*** EXTRACTED INFORMATION Section Begins ***

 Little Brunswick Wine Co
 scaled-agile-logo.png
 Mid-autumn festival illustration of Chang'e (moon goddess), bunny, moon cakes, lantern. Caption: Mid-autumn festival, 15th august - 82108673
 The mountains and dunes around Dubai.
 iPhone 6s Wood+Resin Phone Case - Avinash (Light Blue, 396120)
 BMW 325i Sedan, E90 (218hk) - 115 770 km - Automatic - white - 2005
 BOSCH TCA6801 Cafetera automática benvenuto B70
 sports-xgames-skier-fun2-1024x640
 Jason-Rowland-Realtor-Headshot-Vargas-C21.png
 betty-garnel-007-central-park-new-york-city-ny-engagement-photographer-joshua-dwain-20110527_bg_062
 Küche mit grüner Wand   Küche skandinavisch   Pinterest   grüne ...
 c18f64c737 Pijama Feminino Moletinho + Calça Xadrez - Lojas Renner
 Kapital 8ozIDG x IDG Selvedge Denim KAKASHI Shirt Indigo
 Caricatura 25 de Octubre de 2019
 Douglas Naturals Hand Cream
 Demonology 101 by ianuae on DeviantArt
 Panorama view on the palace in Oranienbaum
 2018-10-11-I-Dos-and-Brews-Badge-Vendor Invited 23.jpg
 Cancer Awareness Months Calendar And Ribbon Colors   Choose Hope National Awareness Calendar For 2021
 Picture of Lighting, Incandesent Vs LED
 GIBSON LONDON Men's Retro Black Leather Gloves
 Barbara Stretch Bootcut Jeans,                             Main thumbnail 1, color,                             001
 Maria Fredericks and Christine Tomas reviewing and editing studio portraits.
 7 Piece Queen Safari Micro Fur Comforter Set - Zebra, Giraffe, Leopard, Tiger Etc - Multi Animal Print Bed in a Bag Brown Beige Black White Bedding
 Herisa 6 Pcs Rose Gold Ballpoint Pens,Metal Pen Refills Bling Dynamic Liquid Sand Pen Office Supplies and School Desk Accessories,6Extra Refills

*** EXTRACTED INFORMATION Section Ends ***

All of the entries above should be written out again exactly.

◆ EXERCISE RESULT ◆
 Little Brunswick Wine Co
 scaled-agile-logo.png
 Mid-autumn festival illustration of Chang'e (moon goddess), bunny, moon cakes, lantern. Caption: Mid-autumn festival, 15th august - 82108673
 The mountains and dunes around Dubai.
 iPhone 6s Wood+Resin Phone Case - Avinash (Light Blue, 396120)
 BMW 325i Sedan, E90 (218hk) - 115 770 km - Automatic - white - 2005
 BOSCH TCA6801 Cafetera automática benvenuto B70
 sports-xgames-skier-fun2-1024x640
 Jason-Rowland-Realtor-Headshot-Vargas-C21.png
 betty-garnel-007-central-park-new-york-city-ny-engagement-photographer-joshua-dwain-20110527_bg_062
 Küche mit grüner Wand   Küche skandinavisch   Pinterest   grüne ...
 c18f64c737 Pijama Feminino Moletinho + Calça Xadrez - Lojas Renner
 Kapital 8ozIDG x IDG Selvedge Denim KAKASHI Shirt Indigo
 Caricatura 25 de Octubre de 2019
 Douglas Naturals Hand Cream
 Demonology 101 by ianuae on DeviantArt
 Panorama view on the palace in Oranienbaum
 2018-10-11-I-Dos-and-Brews-Badge-Vendor Invited 23.jpg
 Cancer Awareness Months Calendar And Ribbon Colors   Choose Hope National Awareness Calendar For 2021
 Picture of Lighting, Incandesent Vs LED
 GIBSON LONDON Men's Retro Black Leather Gloves
 Barbara Stretch Bootcut Jeans,                             Main thumbnail 1, color,                             001
 Maria Fredericks and Christine Tomas reviewing and editing studio portraits.
 7 Piece Queen Safari Micro Fur Comforter Set - Zebra, Giraffe, Leopard, Tiger Etc - Multi Animal Print Bed in a Bag Brown Beige Black White Bedding
 Herisa 6 Pcs Rose Gold Ballpoint Pens,Metal Pen Refills Bling Dynamic Liquid Sand Pen Office Supplies and School Desk Accessories,6Extra Refills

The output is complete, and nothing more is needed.